■ GOAL OF THE EXERCISE
Select, from the data, each line where "color" occurs.

□ □ □ □

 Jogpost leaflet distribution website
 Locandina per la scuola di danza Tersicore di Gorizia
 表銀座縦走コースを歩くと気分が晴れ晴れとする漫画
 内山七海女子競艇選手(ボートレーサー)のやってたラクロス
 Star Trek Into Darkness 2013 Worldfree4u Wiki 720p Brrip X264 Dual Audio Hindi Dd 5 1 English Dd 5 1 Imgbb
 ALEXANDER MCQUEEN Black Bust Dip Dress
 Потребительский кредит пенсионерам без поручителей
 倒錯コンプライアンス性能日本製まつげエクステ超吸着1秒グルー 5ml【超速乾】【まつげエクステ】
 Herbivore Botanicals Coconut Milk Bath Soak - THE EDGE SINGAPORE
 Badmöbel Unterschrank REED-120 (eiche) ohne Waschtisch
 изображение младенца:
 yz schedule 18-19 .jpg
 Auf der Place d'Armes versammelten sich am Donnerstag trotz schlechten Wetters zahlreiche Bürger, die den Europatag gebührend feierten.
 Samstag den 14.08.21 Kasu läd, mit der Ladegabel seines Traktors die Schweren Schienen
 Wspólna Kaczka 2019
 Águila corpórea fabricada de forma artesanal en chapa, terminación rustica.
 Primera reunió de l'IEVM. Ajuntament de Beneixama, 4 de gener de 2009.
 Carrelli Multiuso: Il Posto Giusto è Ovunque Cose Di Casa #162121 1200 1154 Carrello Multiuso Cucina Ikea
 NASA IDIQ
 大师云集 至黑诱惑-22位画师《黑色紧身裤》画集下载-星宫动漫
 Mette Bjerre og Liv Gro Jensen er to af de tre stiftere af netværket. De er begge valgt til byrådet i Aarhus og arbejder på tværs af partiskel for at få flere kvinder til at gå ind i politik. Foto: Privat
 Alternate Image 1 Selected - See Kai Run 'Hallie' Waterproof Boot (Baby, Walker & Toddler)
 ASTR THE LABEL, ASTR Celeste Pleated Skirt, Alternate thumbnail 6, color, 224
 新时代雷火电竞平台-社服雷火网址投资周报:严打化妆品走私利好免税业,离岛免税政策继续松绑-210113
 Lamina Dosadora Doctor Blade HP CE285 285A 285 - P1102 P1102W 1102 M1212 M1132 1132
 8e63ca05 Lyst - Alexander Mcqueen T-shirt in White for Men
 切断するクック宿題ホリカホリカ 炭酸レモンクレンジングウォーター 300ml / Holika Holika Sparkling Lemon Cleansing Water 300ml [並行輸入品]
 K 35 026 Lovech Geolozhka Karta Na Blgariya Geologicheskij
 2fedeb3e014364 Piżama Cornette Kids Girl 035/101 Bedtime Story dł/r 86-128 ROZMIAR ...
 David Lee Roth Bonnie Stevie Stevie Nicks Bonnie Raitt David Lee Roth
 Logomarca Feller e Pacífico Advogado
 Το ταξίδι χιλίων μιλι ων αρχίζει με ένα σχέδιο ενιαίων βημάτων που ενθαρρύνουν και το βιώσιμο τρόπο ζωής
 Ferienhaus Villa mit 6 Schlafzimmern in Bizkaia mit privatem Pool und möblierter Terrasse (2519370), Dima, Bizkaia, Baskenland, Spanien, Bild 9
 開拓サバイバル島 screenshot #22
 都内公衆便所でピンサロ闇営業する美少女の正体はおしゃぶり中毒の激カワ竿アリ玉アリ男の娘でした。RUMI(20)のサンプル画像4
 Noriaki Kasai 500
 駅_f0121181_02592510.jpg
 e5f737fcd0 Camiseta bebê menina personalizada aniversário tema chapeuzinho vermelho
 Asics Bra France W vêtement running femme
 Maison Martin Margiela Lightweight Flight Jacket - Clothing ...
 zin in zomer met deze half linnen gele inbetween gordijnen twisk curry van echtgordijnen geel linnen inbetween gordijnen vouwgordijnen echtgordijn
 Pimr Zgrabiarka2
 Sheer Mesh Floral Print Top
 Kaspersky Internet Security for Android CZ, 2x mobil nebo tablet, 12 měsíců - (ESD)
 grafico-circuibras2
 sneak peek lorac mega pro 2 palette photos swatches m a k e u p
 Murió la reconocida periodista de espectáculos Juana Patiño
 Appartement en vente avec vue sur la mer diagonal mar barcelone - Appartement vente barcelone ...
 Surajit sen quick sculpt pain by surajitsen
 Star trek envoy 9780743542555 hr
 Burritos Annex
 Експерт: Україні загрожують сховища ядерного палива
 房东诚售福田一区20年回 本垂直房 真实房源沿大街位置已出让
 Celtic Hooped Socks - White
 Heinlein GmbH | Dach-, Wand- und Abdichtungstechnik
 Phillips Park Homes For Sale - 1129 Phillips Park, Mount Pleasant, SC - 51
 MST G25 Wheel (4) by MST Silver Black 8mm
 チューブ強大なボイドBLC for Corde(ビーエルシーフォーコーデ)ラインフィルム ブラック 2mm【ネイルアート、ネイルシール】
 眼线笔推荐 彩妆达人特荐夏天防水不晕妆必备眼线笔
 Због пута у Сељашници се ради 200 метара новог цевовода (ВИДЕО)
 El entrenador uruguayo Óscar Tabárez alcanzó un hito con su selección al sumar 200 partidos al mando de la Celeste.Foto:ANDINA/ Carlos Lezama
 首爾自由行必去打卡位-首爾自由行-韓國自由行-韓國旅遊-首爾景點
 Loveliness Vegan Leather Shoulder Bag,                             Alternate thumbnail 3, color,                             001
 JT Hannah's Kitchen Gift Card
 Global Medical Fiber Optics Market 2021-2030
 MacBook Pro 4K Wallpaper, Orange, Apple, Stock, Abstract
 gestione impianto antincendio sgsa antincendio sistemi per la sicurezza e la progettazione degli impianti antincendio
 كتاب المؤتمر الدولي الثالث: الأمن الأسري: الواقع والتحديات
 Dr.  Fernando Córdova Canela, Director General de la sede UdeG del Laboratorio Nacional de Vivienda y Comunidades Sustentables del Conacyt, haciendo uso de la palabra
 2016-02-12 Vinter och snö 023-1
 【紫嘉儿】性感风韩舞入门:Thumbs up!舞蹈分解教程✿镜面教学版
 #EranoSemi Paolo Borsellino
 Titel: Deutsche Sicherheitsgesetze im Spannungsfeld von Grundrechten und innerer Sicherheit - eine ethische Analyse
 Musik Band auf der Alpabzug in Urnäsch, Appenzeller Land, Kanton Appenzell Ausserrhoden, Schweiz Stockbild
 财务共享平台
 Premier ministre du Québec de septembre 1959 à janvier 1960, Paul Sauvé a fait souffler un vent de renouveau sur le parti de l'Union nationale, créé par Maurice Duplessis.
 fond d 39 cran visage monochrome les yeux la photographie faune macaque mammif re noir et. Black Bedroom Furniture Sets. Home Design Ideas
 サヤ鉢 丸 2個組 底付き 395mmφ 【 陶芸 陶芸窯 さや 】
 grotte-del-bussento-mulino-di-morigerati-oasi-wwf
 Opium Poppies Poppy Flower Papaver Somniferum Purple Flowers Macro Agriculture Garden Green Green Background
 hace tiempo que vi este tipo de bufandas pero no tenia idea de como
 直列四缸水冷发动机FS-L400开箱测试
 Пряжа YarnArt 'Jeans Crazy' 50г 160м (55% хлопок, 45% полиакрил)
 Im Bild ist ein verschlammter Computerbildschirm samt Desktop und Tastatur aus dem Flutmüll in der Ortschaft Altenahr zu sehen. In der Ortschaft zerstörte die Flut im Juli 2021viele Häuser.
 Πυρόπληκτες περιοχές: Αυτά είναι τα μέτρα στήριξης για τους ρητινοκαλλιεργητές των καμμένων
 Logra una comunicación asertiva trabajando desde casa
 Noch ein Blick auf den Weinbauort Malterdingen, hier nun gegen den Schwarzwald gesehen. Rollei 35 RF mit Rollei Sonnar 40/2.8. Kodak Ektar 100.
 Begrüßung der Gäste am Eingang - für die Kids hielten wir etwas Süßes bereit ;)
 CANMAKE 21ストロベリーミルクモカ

□ □ □ □

■ ANSWER BOX
 ASTR THE LABEL, ASTR Celeste Pleated Skirt, Alternate thumbnail 6, color, 224
 Loveliness Vegan Leather Shoulder Bag,                             Alternate thumbnail 3, color,                             001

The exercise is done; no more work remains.